Extensive experiments were implemented on the species Ma. gladiata (Homotomidae). This species was originally widespread in the Orient and South Asia but has become an invasive pest in Europe and USA [27–31]. The vibrational behavior of this species has been described in detail . Body size of Ma. gladiata is comparatively large (body length including forewing is about 5–6 mm) and this species actively makes duet signals, which makes it a good model species to be observed and conduct serial experiments on.

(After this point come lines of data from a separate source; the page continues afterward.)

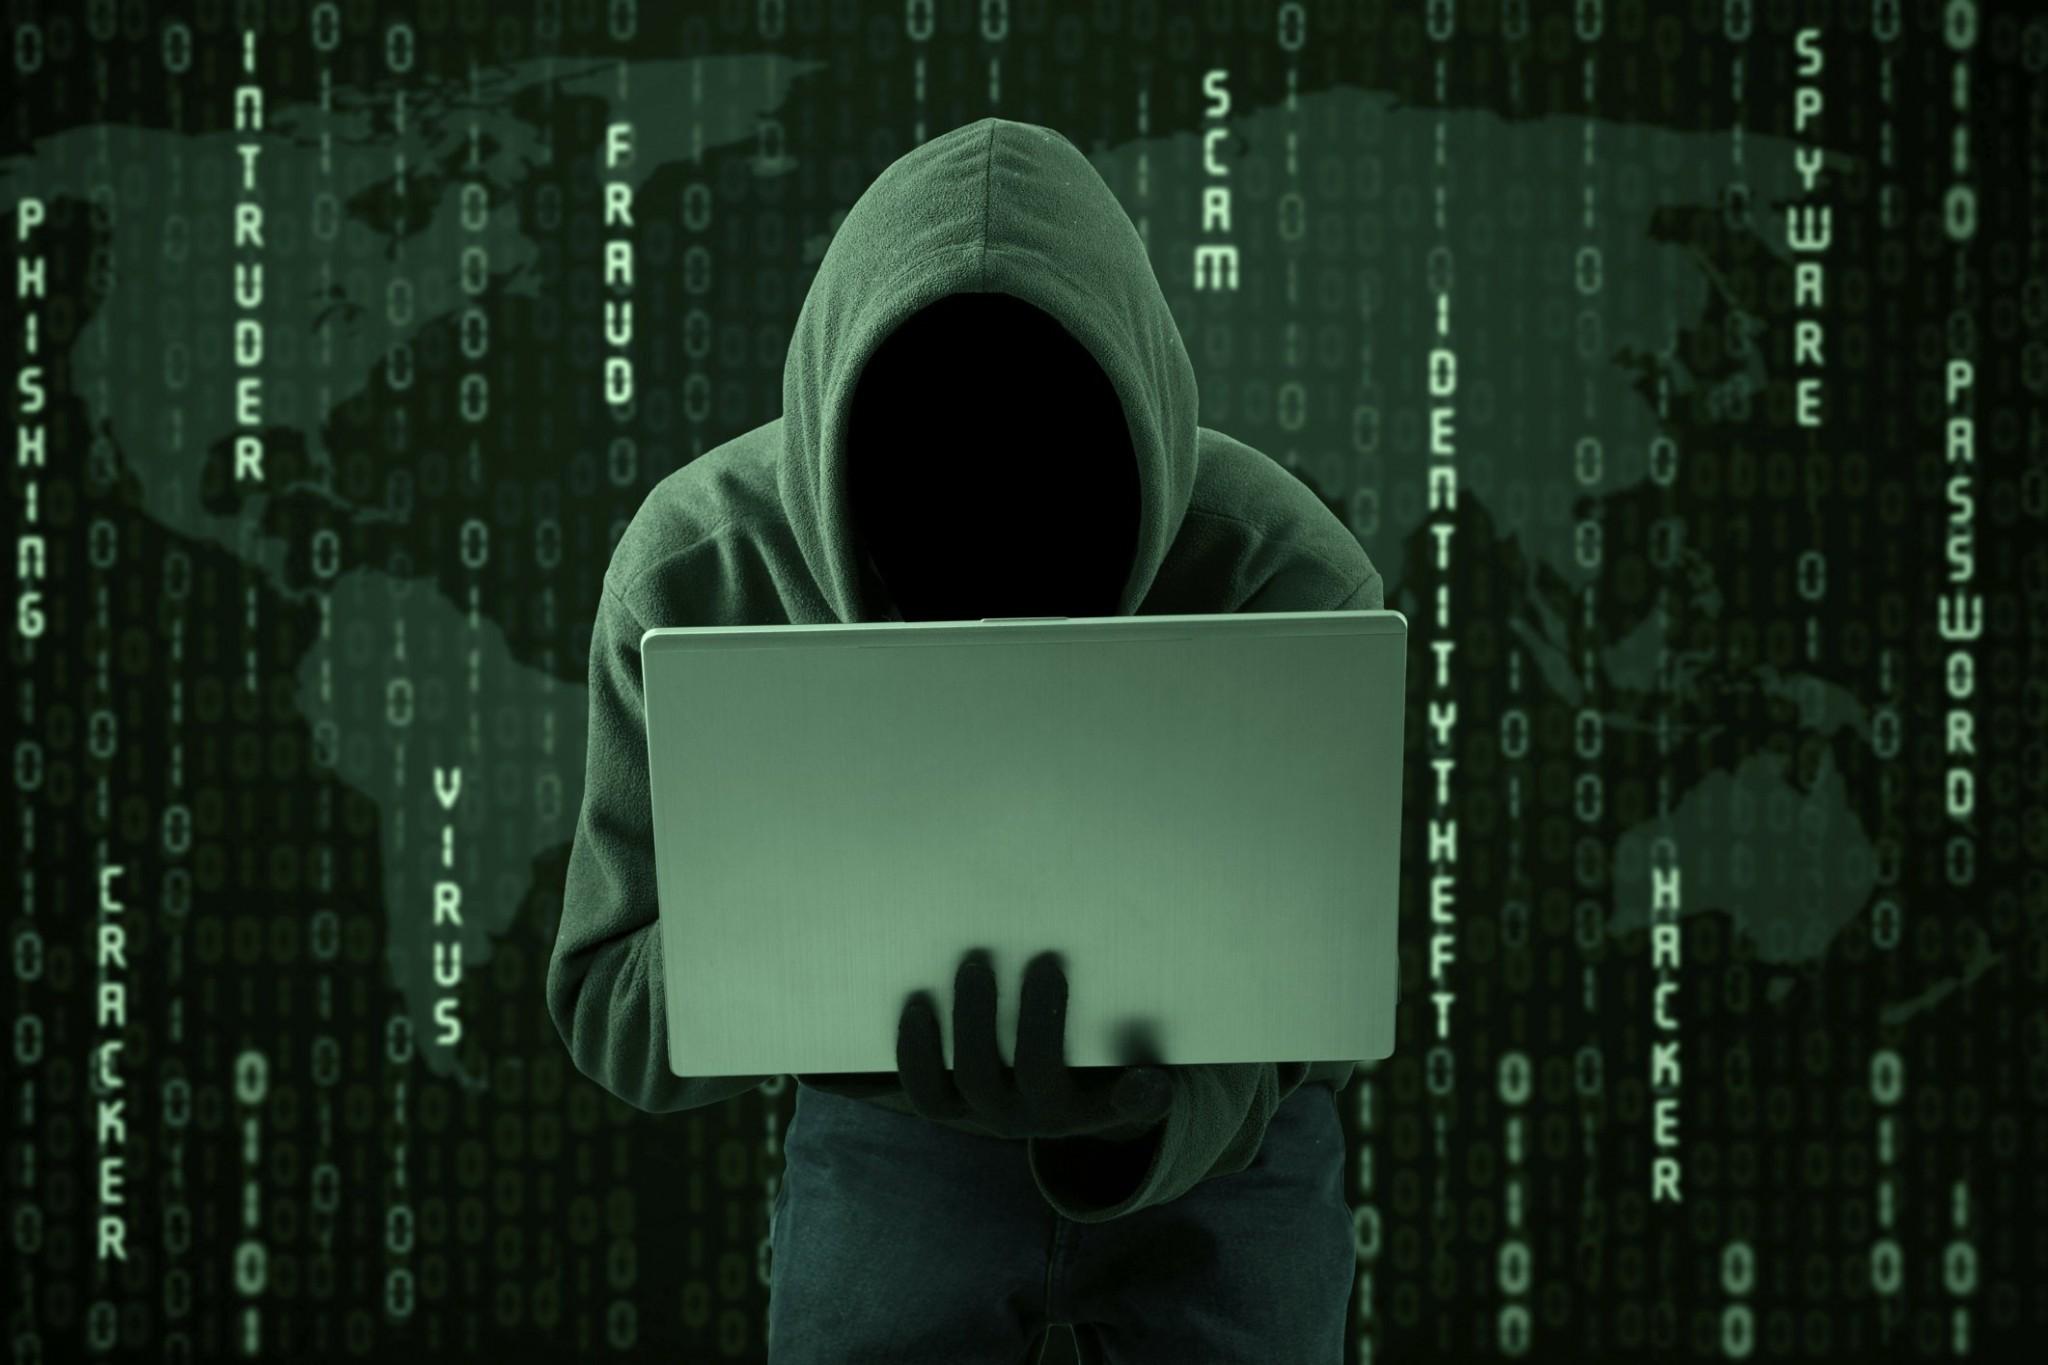 Аккаунт онлайн-кинотеатра Netflix в Твиттер взломан хакерами
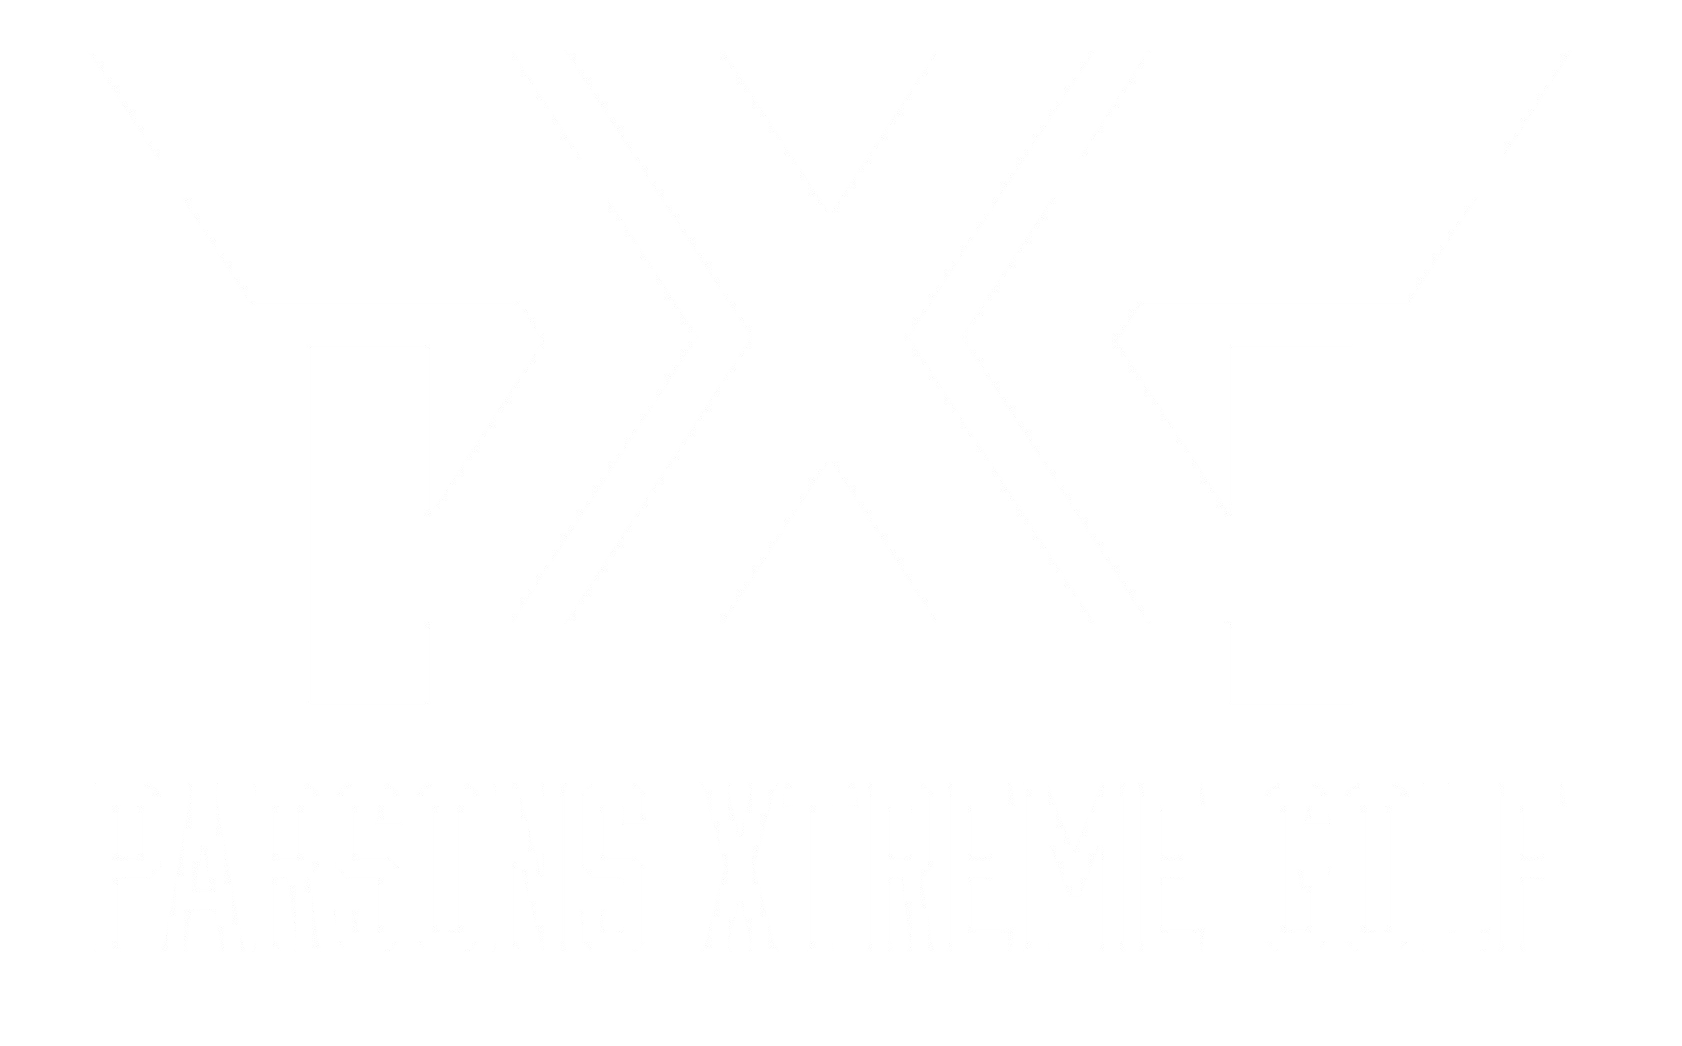 PXG-Parsons-Xtreme-Golf-White-Black-Stretch-Logo-1-JPEG.png
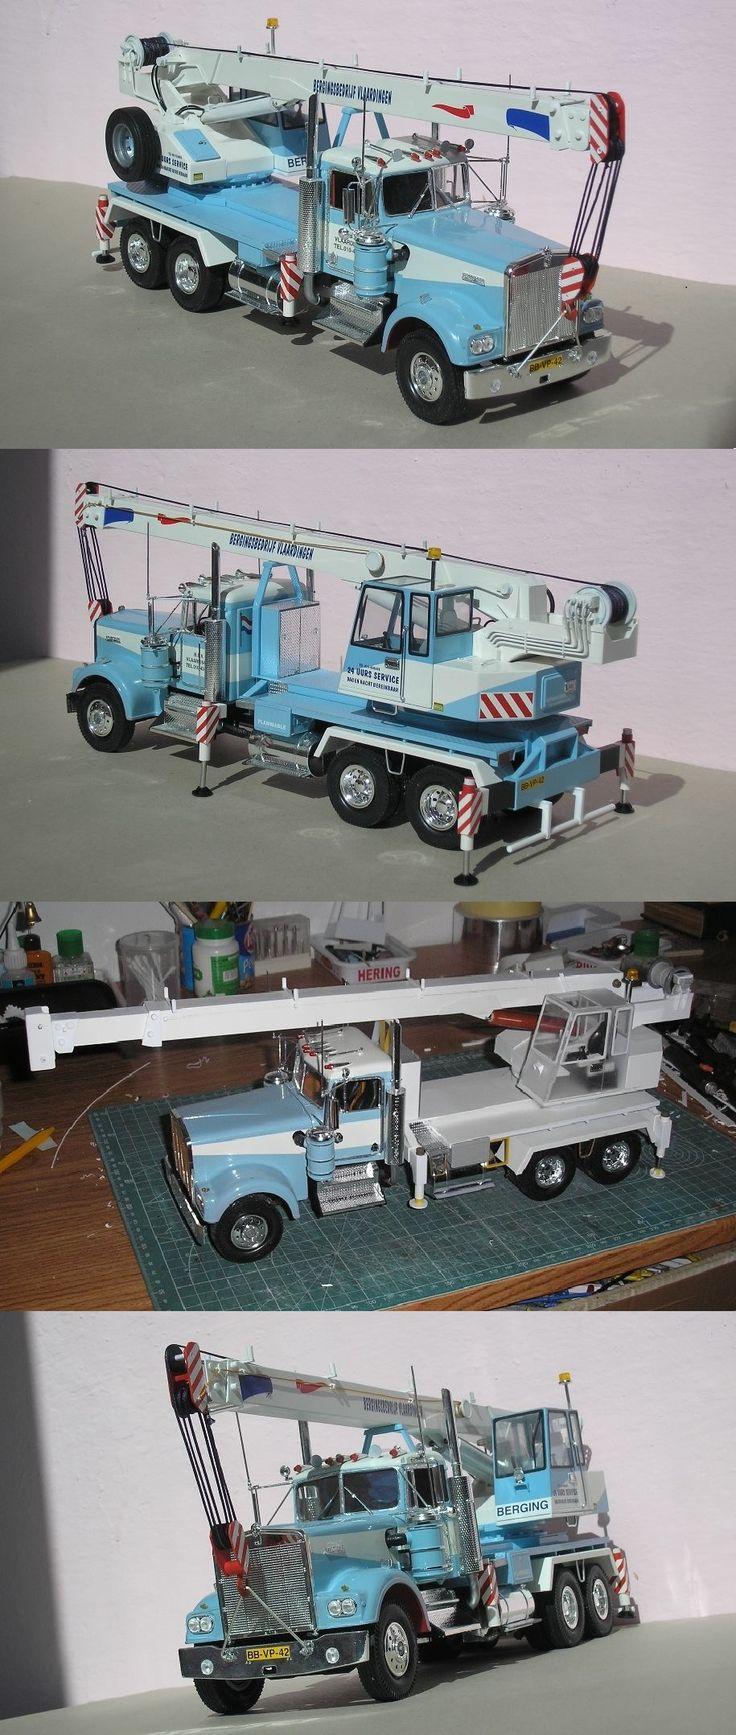 Model car model kits scale models metal models diorama ideas model building dioramas modeling hobbies
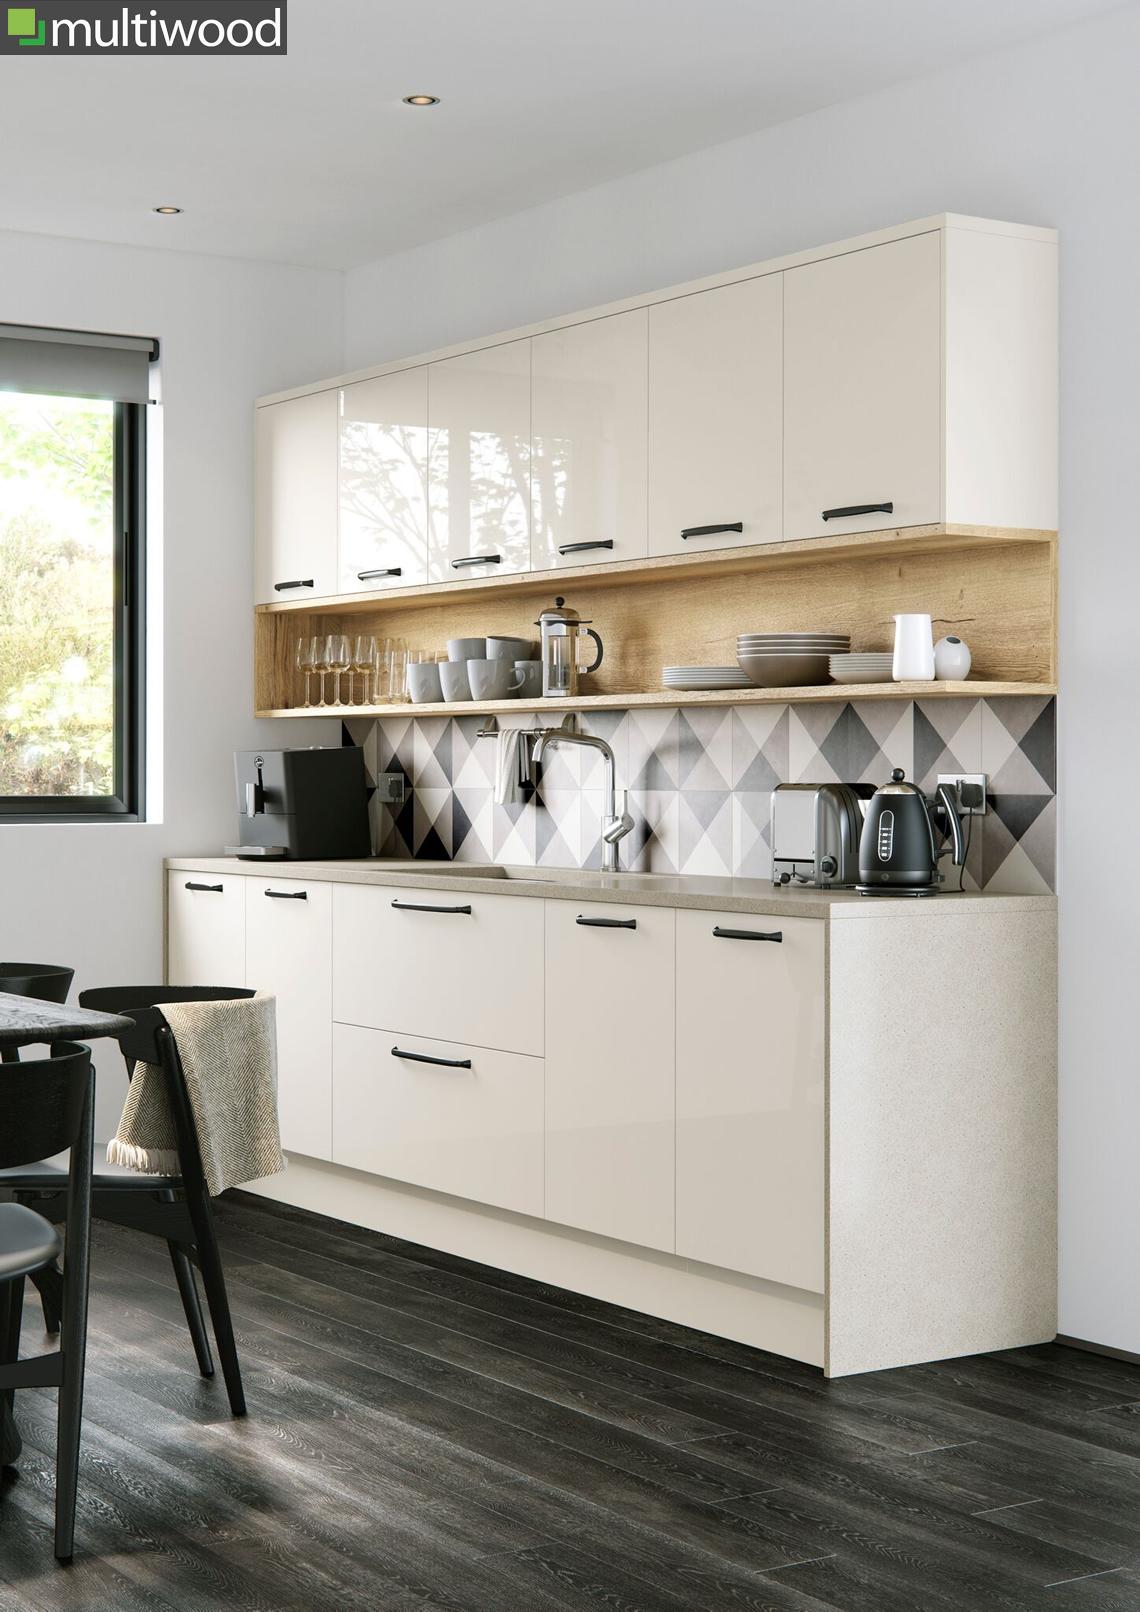 Multiwood Cosdon – Gloss Porcelain & Halifax Oak Kitchen

In the mating behavior of Ma. gladiata, the male produces a two-chirp call and the female replies with a single chirp, after that, the male responds with a single chirp and then begins searching behavior (Fig 1, S1 Audio) . As vibrational signals of psyllids differ among different taxa even in closely related species, different species may possess different signal producing behavior [13–15]. Other species belonging to different families, i.e., T. sozanica (Triozidae), Me. camphorae (Carsidaridae), C. oluanpiensis (Psyllidae), and C. tobirae (Psyllidae) were also examined to determine the prevalence of signal producing and the associated mechanisms within the Psylloidea. Me. camphorae is widespread in low elevations of Taiwan and feeds on Hibiscus and Urena spp. (Malvaceae); T. sozanica is a pit gall inducer that is specific to Daphniphyllum spp. (Daphniphyllaceae); C. oluanpiensis and C. tobirae feed on Pittosporum pentandrum (Blanco) Merr. and Pittosporum tobira Ait., respectively. The latter two species of Cacopsylla have been described in detail for their species properties and vibrational behavior .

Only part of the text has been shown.